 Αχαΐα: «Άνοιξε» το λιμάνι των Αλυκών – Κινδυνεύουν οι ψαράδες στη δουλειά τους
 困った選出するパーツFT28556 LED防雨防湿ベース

--*--

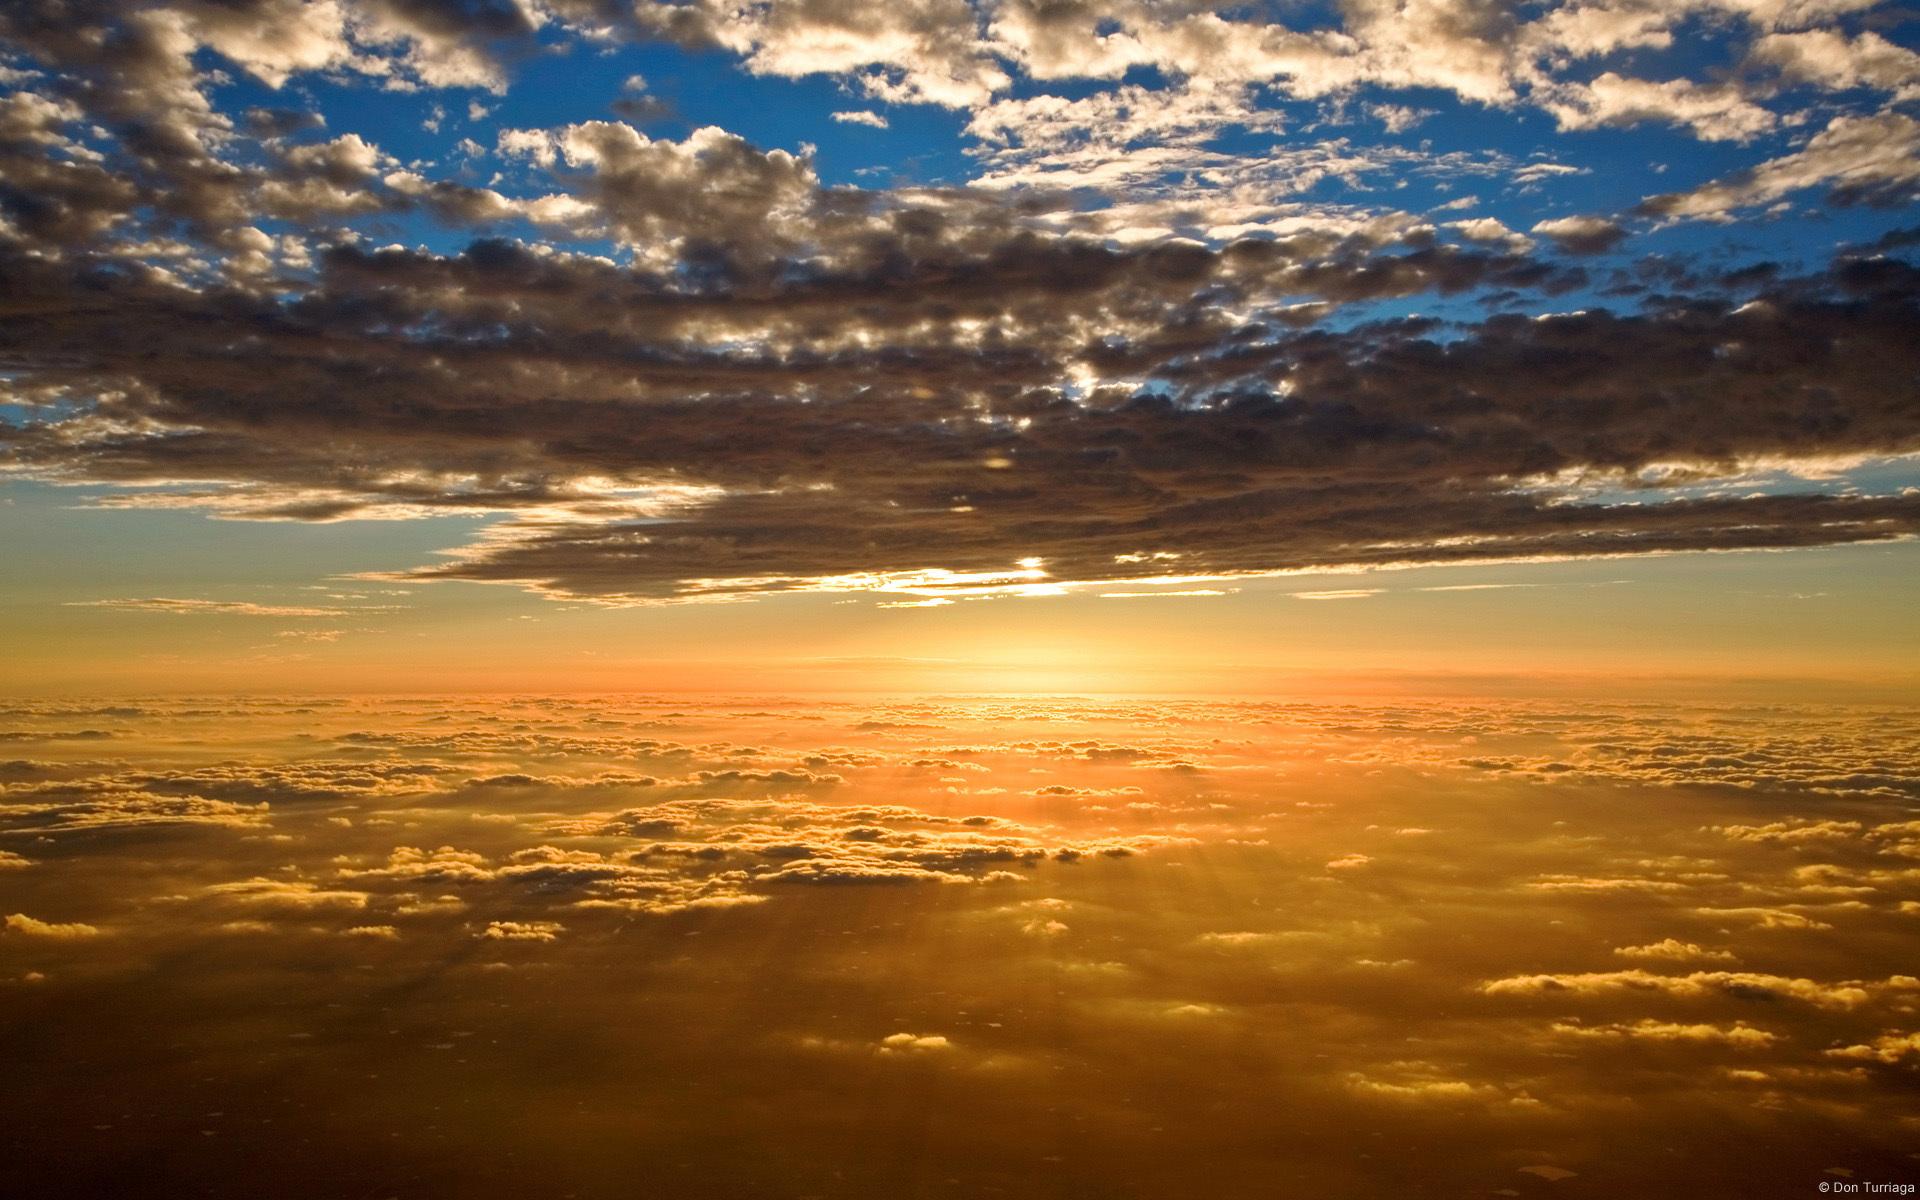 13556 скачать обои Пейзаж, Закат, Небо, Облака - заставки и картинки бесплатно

--*--

* Task objective:
In the listing above, locate the line containing "στη δουλειά τους" and the line containing "困った選出するパーツFT28556 LED防雨防湿ベース", then transcribe both and every line between them verbatim.

* Answer to the problem:
 Αχαΐα: «Άνοιξε» το λιμάνι των Αλυκών – Κινδυνεύουν οι ψαράδες στη δουλειά τους
 困った選出するパーツFT28556 LED防雨防湿ベース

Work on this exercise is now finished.